El despacho del Doctor Anselmo López, Doctor en Medicina Interna, Hematólogo  y  Director del Hospital era tan austero y parco en detalles como la misma expresión de su rostro. Un par de estanterías repletas de libros en riguroso orden, un diván de piel y dos sillas frente a su mesa eran el único mobiliario. La réplica de un cráneo de Cro-Magnon y un ordenador de última generación completaban sus pertenencias visibles.

La mirada aparentemente vacua del director contempló su melena de pelo negro, las firmes caderas que destacaban nítidas pese al uniforme y la porción de sus bien modeladas piernas que quedaban al descubierto. Pese a que no quedara patente el menor gesto que declarase  aquel escrutinio al que fue sometida,  María reconoció aquella mirada,  idéntica  a la  que descubrió las dos veces que estuvo en su presencia anteriormente. Le hizo un gesto con la mano para que tomara asiento.  

- En los tres últimos años, María,  he seguido muy estrechamente el funcionamiento de las plantas segunda, tercera, y quinta. –comenzó a decir con  su característico tono didáctico- .Ayudado por otros doctores del Hospital hemos llegado a una evidente y contrastada conclusión que, como sospechaba,  refuerza la tesis que defendí en mi doctorado.

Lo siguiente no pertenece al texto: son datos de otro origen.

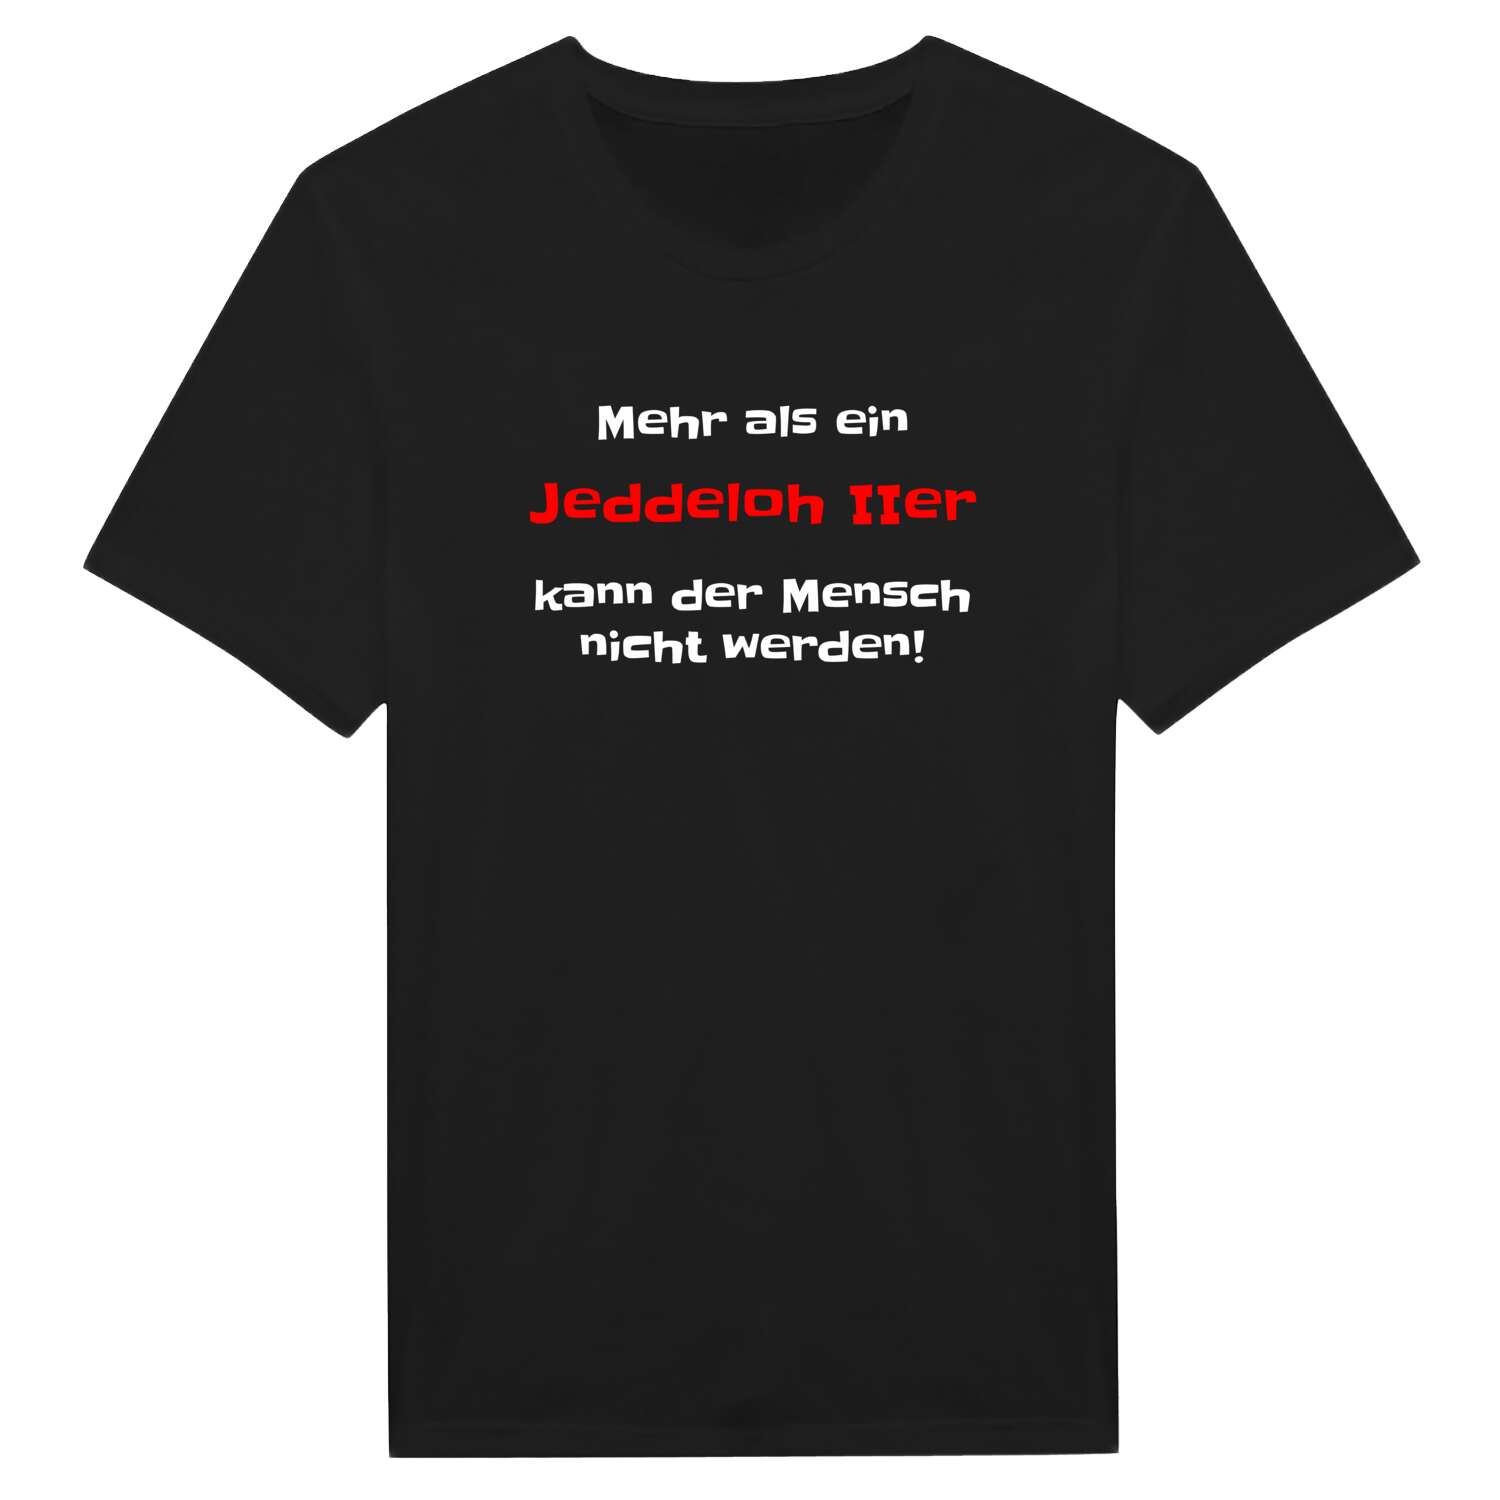 Jeddeloh II T-Shirt »Mehr als ein«

Una especie de alarma se encendió en la mente de María. Ella era la responsable de esas plantas y que supiera no tenía conocimiento de deficiencia alguna. El rostro de la Esfinge, ese era el mote que le dedicaban muchos médicos y casi todo el cuerpo de Enfermería, permanecía inescrutable, semejando al terrible ser mitológico. Nadie deseaba estar en aquel despacho por si ello traía consecuencias.

- Fíjese, María, prácticamente todos  los enfermos de estas habitaciones han  experimentado mejorías sorprendentes y por tanto se ha reducido el tiempo de hospitalización –los ojillos del Director cobraron vida brevemente-. Hemos descubierto que hay un elemento catalizador que ha hecho posible toda esta…-dudó un instante- esta especie de milagro, por decirlo así.

El Director del Hospital, el Doctor Anselmo López, se le quedó mirando fijamente sin que María pudiera calibrar el alcance de sus pensamientos.

- Usted es el milagro, María.

Aquella afirmación la dejó sin capacidad de respuesta.

- Doctor, me está diciendo que yo…dijo sorprendida.

- Si, yo, el Director de este Hospital,  afirmo que usted está detrás de todo esto.

Como viera la sorpresa pintada en su rostro, el doctor prosiguió antes de que respondiese.

- Nos movemos entre la vida y la muerte, María.  Vida que se agarra a detalles ínfimos para sobrevivir y lo hace sin que exista explicación. Muerte que nos roba al enfermo cuando ya respira de nuevo,

María estaba atenta a sus palabras, en vilo. El Director se arrellanó cómodamente en su  sillón en un gesto familiar, alejado  del ser temible que era la Esfinge.

- Su presencia, su actitud con los enfermos consigue que sanen más rápidamente. Sus palabras tan persuasivas, esa sonrisa suya  dulce y encantadora, -María creyó ver una emoción brotando en los ojos del Director- , sus gestos amables, de familiar afecto. Las jornadas inacabables fuera de turno, su abnegación por los demás, esa generosidad sin límites.

- No  hago más  que cumplir con mi deber –expresó.

- Hay fuerzas ocultas que escapan a nuestra condición humana, María. –dijo obviando su frase-. Que actúan sobre nosotros y los demás de manera inexplicable. Llámele dios o como prefiera. Usted, por un arcano poder que desconozco, sana a los enfermos, alivia sus males.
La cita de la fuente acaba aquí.